Clerked for a federal judge after law school. Became the first woman hired by Locke Purnell Boren Laney & Neely, a venerable Dallas firm, and later was elected president of Locke Purnell in 1996, by then a 225-lawyer firm. Three years later, it merged with another powerhouse firm, and she became co-manager of Locke Liddell & Sapp.

She became president of the Dallas Bar Association in 1985, and in 1989 was elected to a two-year term as an at-large candidate on the Dallas City Council. Became president of the State Bar of Texas from 1992 to 1993.

Cleaned up the Texas Lottery Commission.

White House staff secretary and then deputy chief of staff. Then on to White House counsel, which is her current position.

She appears to be quite an accomplished woman.

Posted by: Rex on October 3, 2005 05:03 PM

All of those positions can be easily attained if you're a person of merely middling intellect who happens to be a crony of powerful people. People like, say, George W. Bush. Miers does not strike me as the best candidate for the position by any objective measure, much as Clarence Thomas wasn't when he was nominated.
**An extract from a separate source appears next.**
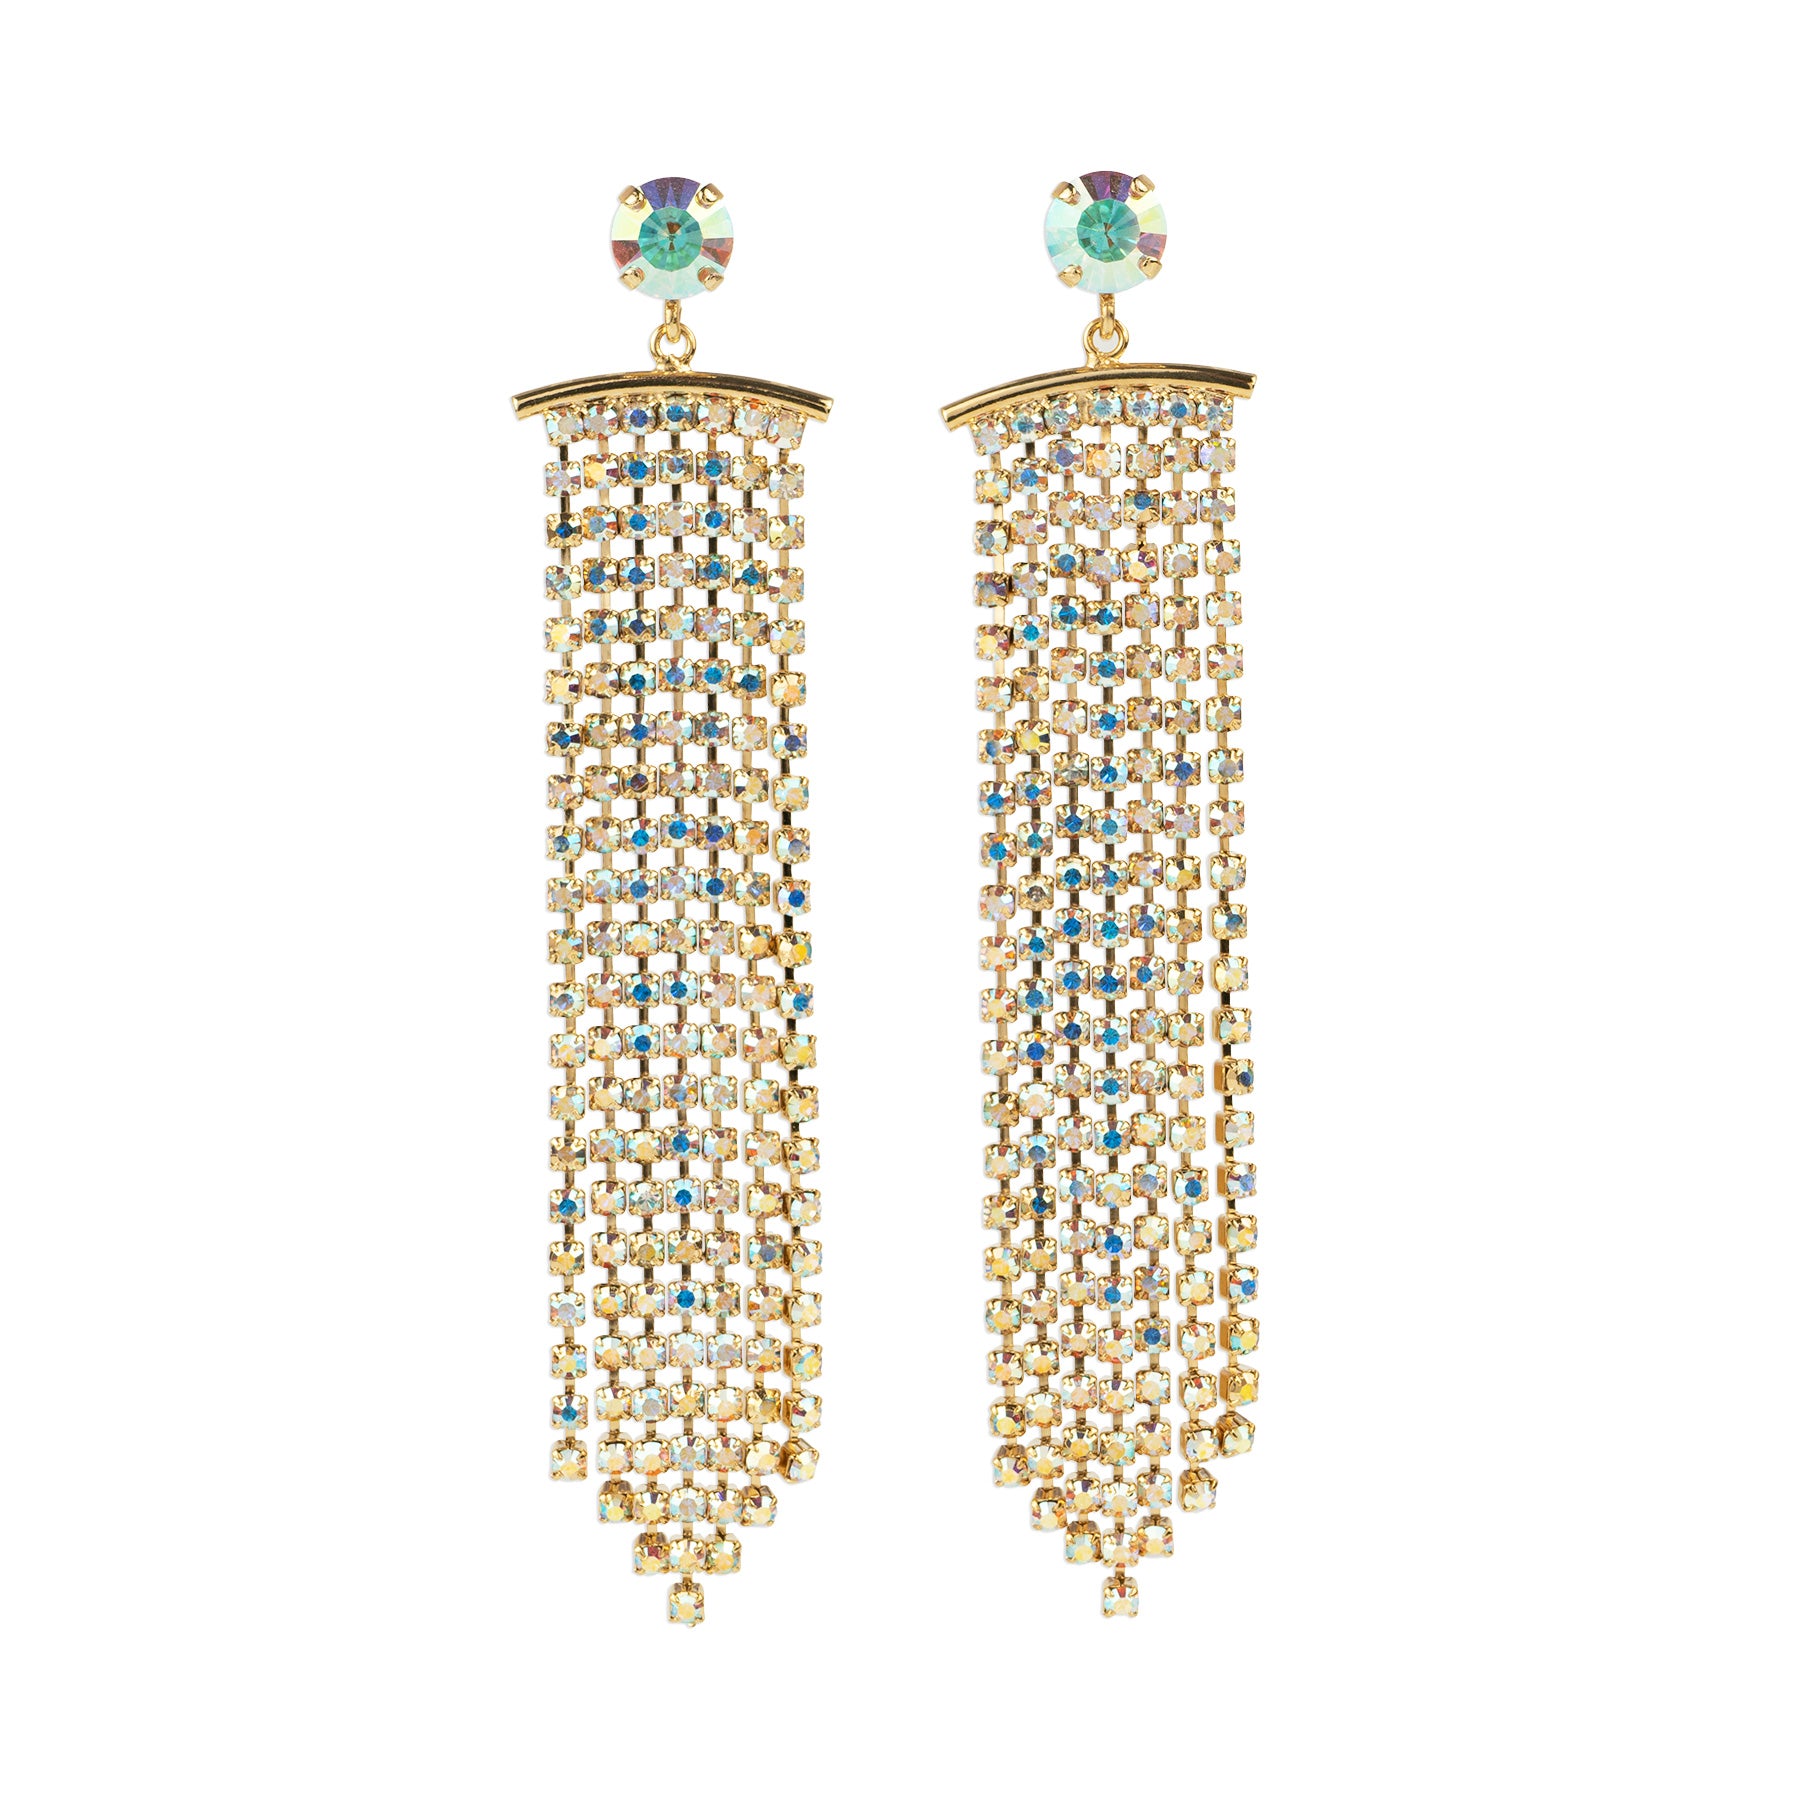 Drop earrings with crystal fringe

But the Miers nomination is of a piece with the current President Bush's cavalier handling of his responsibilities.

Posted by: John on October 3, 2005 05:33 PM

Yeah, As a SCOTUS wonk I was a bit surprised about this pick. There seems to be some reason to believe that she was choosen because she was one of the people who was un-filibusterable (is this a word?)

She's pro-civil rights (as far as I can tell) and has been active in the ABA (hardly a conservative organization). The Conservative attorneys in my office do not seem pleased about it, the liberals seem a little too pleased. I gather Reid already has supported her.
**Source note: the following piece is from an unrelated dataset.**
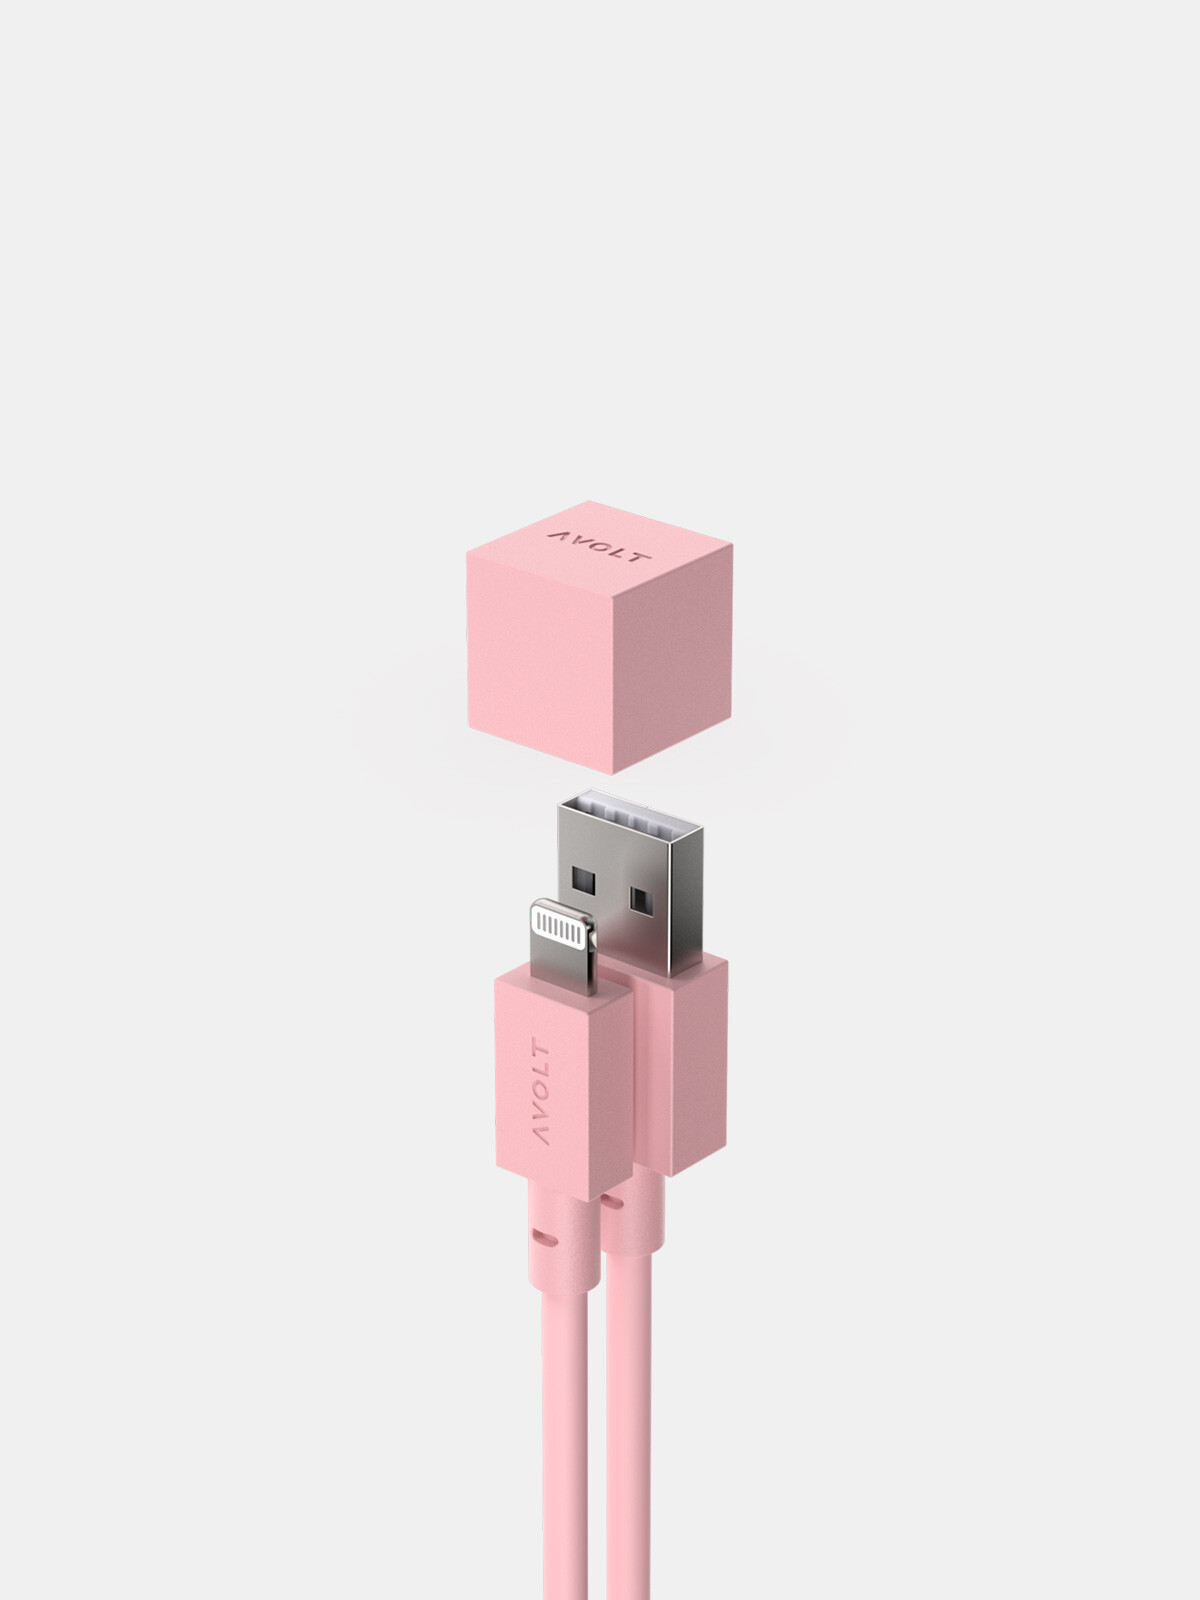 Cable 1 usb a to lightning, 1. ROSA

On the one hand, I think she was picked because she will get through. If the dems like her to conservatives won't have enough votes to block her. On the other hand I think it is a very poor choice as it just highlights the cronyism (sp?) in the Bush Administration, which has already been highlighted enough in recent weeks.

I agree, there are many conservative women who would be better for the court.

Posted by: Kate on October 3, 2005 05:52 PM

We can surmise that she's pro-life, since she contributed to Al Gore in 1988.

I'd recommend Beldar's blog for a good defense of her choice.

Posted by: Patrick R. Sullivan on October 3, 2005 07:38 PM

Rex: Compared to the average lawyer her accomplishments are impressive, but that's hardly a reasonable standard for a Supreme Court nominee.

The most popular ranking of law firms by prestige is done by Vault. It lists the top 100 firms in order. Locke doesn't even make the list. It also lists the top 10 firms by region. I could only check that list as recently as 2001 without paying, but at that time Locke wasn't even in the top 10 for Texas.

This woman is a third-rate lawyer from a third-rate firm and a third-rate law school (where she supposedly didn't even make law review). As Supreme Court nominees go, she far less accomplished than I ever thought possible. I've rarely been happy with Bush's presidency, but after today I'm on board with the loony leftists calling for his impeachment.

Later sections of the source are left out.